My mother had to set out five hours early to make sure she got a turn, then dialysis for two hours, and then wait another three to four hours sitting in her wheelchair until morning, when the driver could finally get going and bring them back to the tent.
Moving at night was impossible. The intensity of bombardment and killing restricted any travel by vehicle once it got late. Cars might be targeted by Israeli missiles on the pretext that they posed a threat to soldiers operating inside the strip, or for any other reason the occupation army might decide without oversight or accountability.
I made sure my work kept me near the hospital so I could see her when she goes for her sessions. I remember one time she said, “My body is wrecked, son, from sleeping on the wheelchair and the lack of medicine. I feel as if I’m alive but not alive.”
Every time we met, she chose to speak about her fellow dialysis patients “So-and-so died today. So-and-so didn’t come. I called her and she said that she couldn’t find transport.” Then she would add, “I’m giving you all such a hard time. Please forgive me.”
I don’t know what we are supposed to forgive her for, when it is the occupation that created such catastrophic conditions that have trapped her and every patient with a chronic illness.
Because of the expansion of military operations and the constant evacuation orders, I had to move my family once more—under fire in May 2024—from Rafah to Al-Zawaida, west of the central strip, near the British field hospital.
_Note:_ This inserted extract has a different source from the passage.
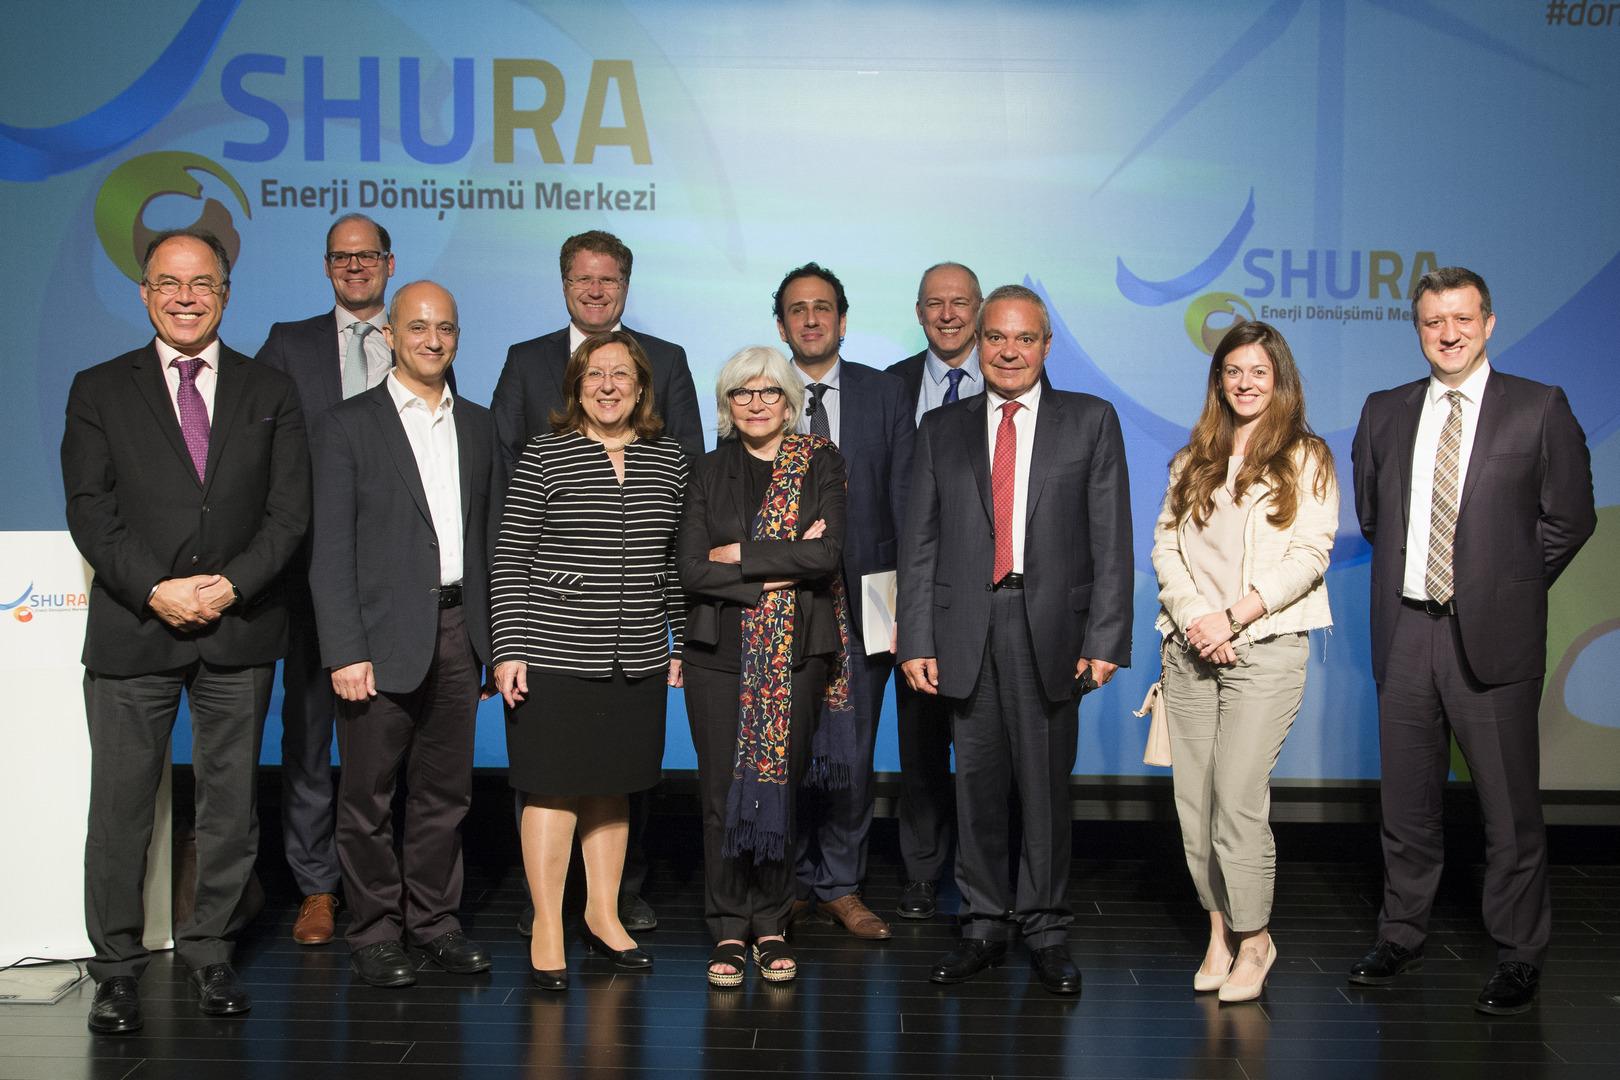 SHURA Türkiye'nin Enerji Dönüşümü için Yola Çıktı!

The distance between their shelter and the dialysis site shrank to no more than two hundred meters, but the road was a rough, sandy track. Whoever accompanied her had to exert great physical effort pushing or pulling her wheelchair there and back. All this at a time when we were already starving, after the occupation blocked the entry of basic food supplies.
Suffering in common
Under these conditions patients could no longer reach hospitals, and their numbers fell day after day. Of the 1,200 people receiving dialysis in Gaza, 472 died during the genocidal war because services were cut back or disappeared altogether.
Israel also destroyed 78 dialysis machines out of 140 across Gaza’s hospitals during the strikes on health facilities, according to the Palestinian Center for Human Rights in a report published on May 20.
Signs of decline began to show on my mother; not from the physical toll of the dialysis, but from fear of the unknown and the hardship of living in a tent that bakes in summer and freezes in winter.
True, she does not complain much or confide what she carries inside. But her sallow face, the disappearance of her smile, and her sunken eyes tell the story of a suppressed fear for the five children she raised until each built a family and a life.
For two years I have watched her body and voice change, watched her forget and repeat the same stories as if telling me for the first time. I speak to her as much as I can, in person or by phone. Each time she tells me about the dialysis patients, how most of them now use wheelchairs, not because of aging, but because they receive fewer sessions than the bare minimum.
A few days ago, I told her that we have to move again, and that our family would have to split up between two different places. She refused. But fear forced her to yield to her children. “Do whatever you think is best,” she said. “I just don't want to be a burden or a distraction.” That was her answer before the family split and my mother was forced to flee for the fifth time in two years under Israel’s genocide.